Inside, there was almost no furniture; only a chair pulled up next to the stove. The walls were bare, with fade marks on the cream-coloured paint where pictures had once hung. His bed was a blue and white ticking mattress lying on the floor, with an old overcoat for a blanket.
‘Look where they dumped me,’ said Garlinski. ‘After all I’ve done, I thought I’d get some kind of hero’s welcome. Instead, I get this.’ He raised his hands and let them fall again with a slap against his thighs.
With only one chair between them, both men sat down with their back against the wall. Sitting side by side, they stared straight ahead as they conversed.
‘What is it you want to know?’ asked Garlinski.
‘Why were you in such a hurry to leave England?’
‘I thought that my cover was blown,’ explained Garlinski, ‘or that it was about to be, at any rate.’
‘What happened?’
‘I was on my way home from the relay station,’ explained Garlinski. ‘In my briefcase, I had several messages that had come in from SOE agents which I planned to copy and send out to Moscow that evening.’
‘Why were you bringing them home with you?’
‘Because that’s where I kept my transmitter,’ said Garlinski. ‘Of course, we weren’t allowed to leave with these messages, but since I was in charge of the relay station, no one ever checked. Until last week, that is.
‘I got stopped at a police checkpoint two blocks from my house. They were looking for black marketers. When they opened my briefcase, they saw the messages and decided to hold on to them until they had been cleared.’
‘Couldn’t you have told them you were working for SOE?’
‘I could have, but it would only have made things worse. SOE would have come down on me like a ton of bricks for removing messages from the station.’
‘What did you tell the police?’
‘I said I was trying to invent a new code for the army to use. I went on about it long enough that they must have thought I was telling the truth.
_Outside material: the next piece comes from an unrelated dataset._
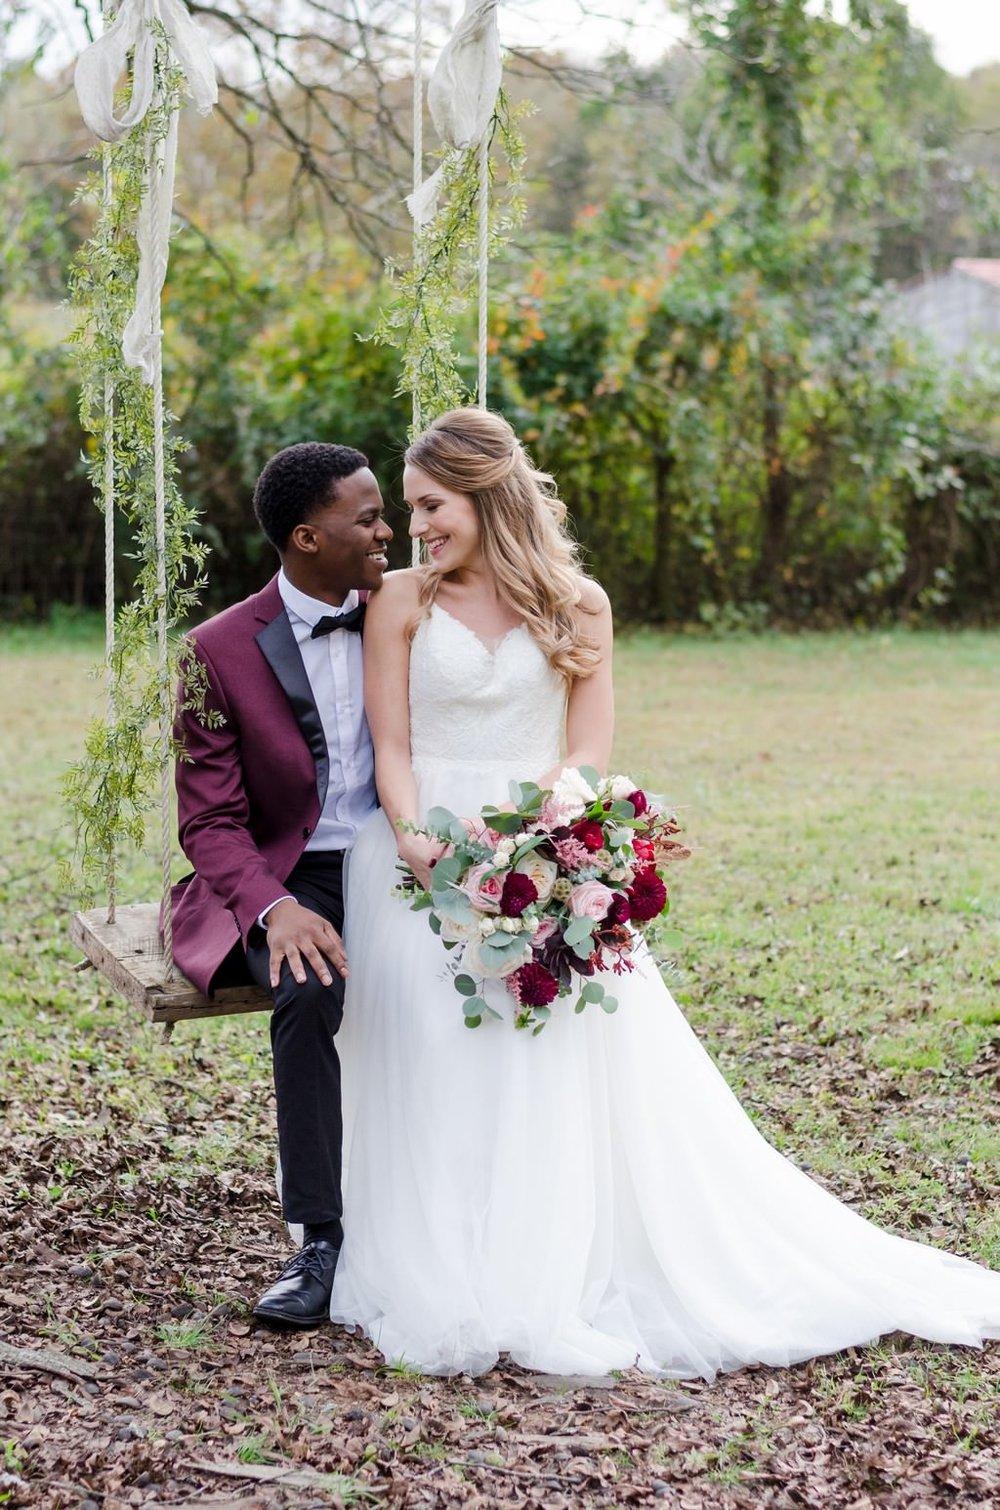 Iriswoods-Mt-Juliet-Blush-and-Burgundy-Nashville-Wedding-Photographer+3

They still held on to the messages, though, and I knew it was only a matter of time before someone figured out what I was up to. That’s why I had to leave.’
‘How did you get out of the country so quickly?’ asked Pekkala.
‘There was a safe house, right outside the underground station at the Angel up in Islington. I went straight there and your people arranged for my disappearance.’
‘Did SOE ever suspect you might be working for Russian Intelligence?’
‘If they did, I wouldn’t be here now, but I don’t know how much better off I am, left to rot in a place like this.’
‘At least you are alive.’
‘If you can call this living,’ muttered Garlinski.
‘How do you know about Christophe?’ asked Pekkala.
‘Only that the agent’s messages come through our station. My job is simply to take in the raw material, decode it and send it up the chain, and all as quickly as possible. What I can tell you is that the stuff Christophe sent us was usually a mixture of gossip, scandal and shuffles in the High Command. I hear the British use it on the radio stations which they broadcast into enemy territory. It was all pretty straightforward until about ten days ago.’